Drought-tolerant plantings need different care
Many Parksville gardens have shifted toward drought-tolerant species over the years — lavender, sage, rosemary, ornamental grasses, sedums, native plants. These gardens need less aggressive watering, but they need different maintenance: careful pruning timing on woody perennials, deadheading to encourage continued flowering, and a hands-off approach during summer dormancy when many drought-tolerant species look their worst but recover with fall rains.
Salt-aware species near the beach
Parksville gardens close to the beach use plant species you don't see as much inland. Beach grasses, salt-tolerant perennials, hardy seaside species. These gardens need a different maintenance approach — accept the natural shape rather than force formal structure, work with the wind-pruning rather than against it, manage the salt residue that builds up on leaves through the year.
Vacation property bed maintenance
A real chunk of Parksville garden bed work is on vacation properties or snowbird homes. Owners aren't there to address weed pressure, deadhead spent blooms, or notice when something's struggling. Regular monthly maintenance visits keep the beds looking maintained year-round, and photographic property reports after each visit show the owner what was done.
The work that keeps beds looking right
- Edging — clean bed line definition
- Mulching — twice yearly with cedar mulch
- Hand-weeding — at the root, before seeding
- Selective pruning of woody perennials
- Deadheading to extend flowering
- Bed cleanup of leaves and debris
- Salt-residue management on coastal plants
- Composting facility haul-away
For the underlying timing principles, see our garden bed care guide.
Sandy soil amendment
Sandy Parksville soils benefit from organic matter additions over time. We work compost into beds during spring cleanup work, top-dress with organic mulch that breaks down to feed the soil, and recommend specific soil amendments where the bed is struggling because of soil rather than care. Building soil in sandy beds takes years, but the long-term improvement is real.
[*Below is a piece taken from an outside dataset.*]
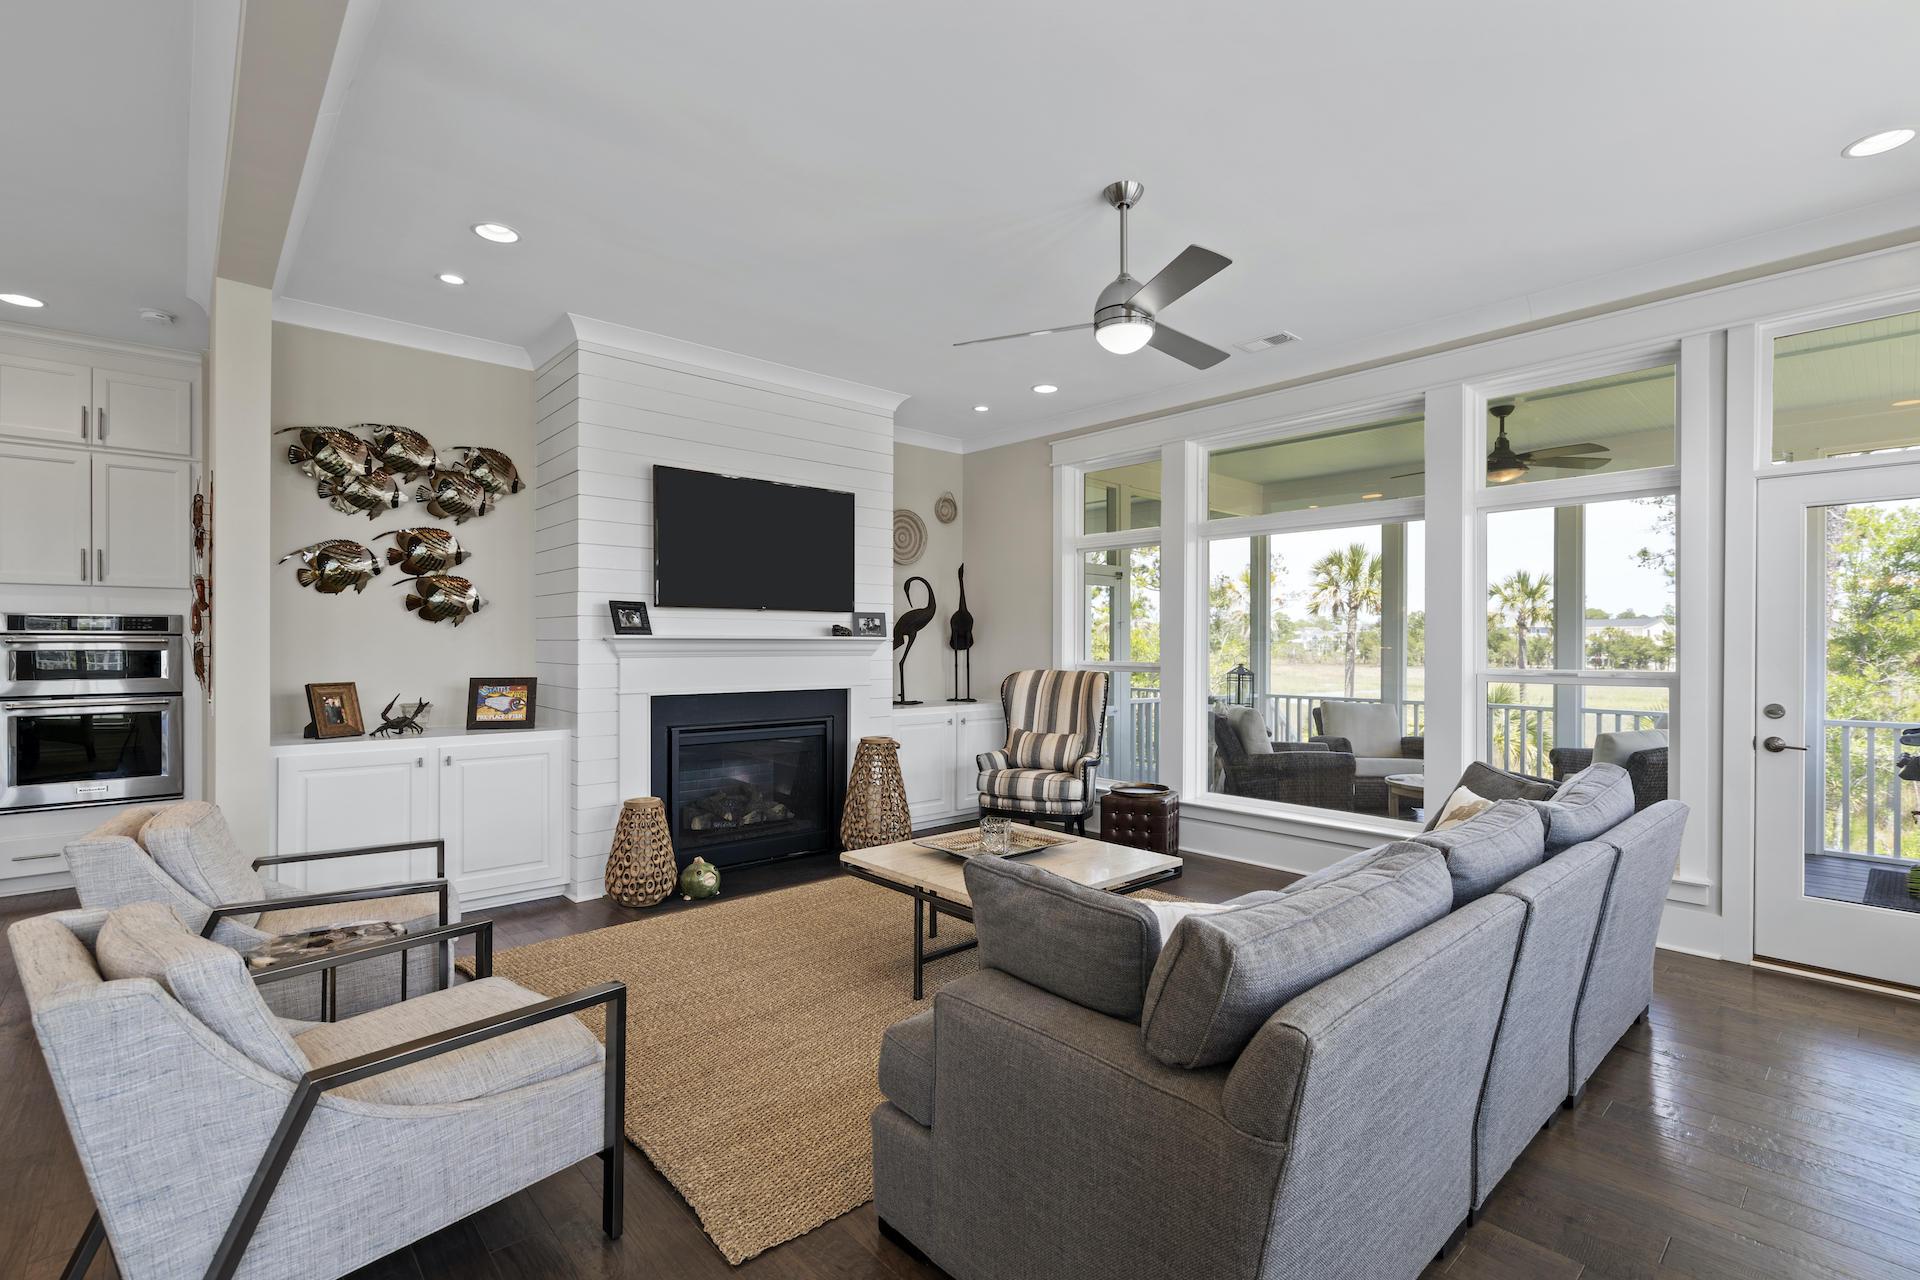 Dunes West Homes For Sale - 2316 Bucktail, Mount Pleasant, SC - 35

Weed control, no chemical sprays
We don't apply herbicides or chemical weed sprays. Bed maintenance through physical means — hand-pulling, thick mulch, edge definition, consistent visits — keeps weed pressure low without chemicals. For chemical applications where they're appropriate, owners hire a licensed applicator separately.
See our weed control guide for the no-spray approach.
Monthly schedule recommended
Most Parksville garden beds do best on monthly maintenance visits from April through October. Vacation properties with significant bed footprints especially benefit from monthly visits — small problems get caught and addressed before they compound, and the gardens always look maintained when owners arrive.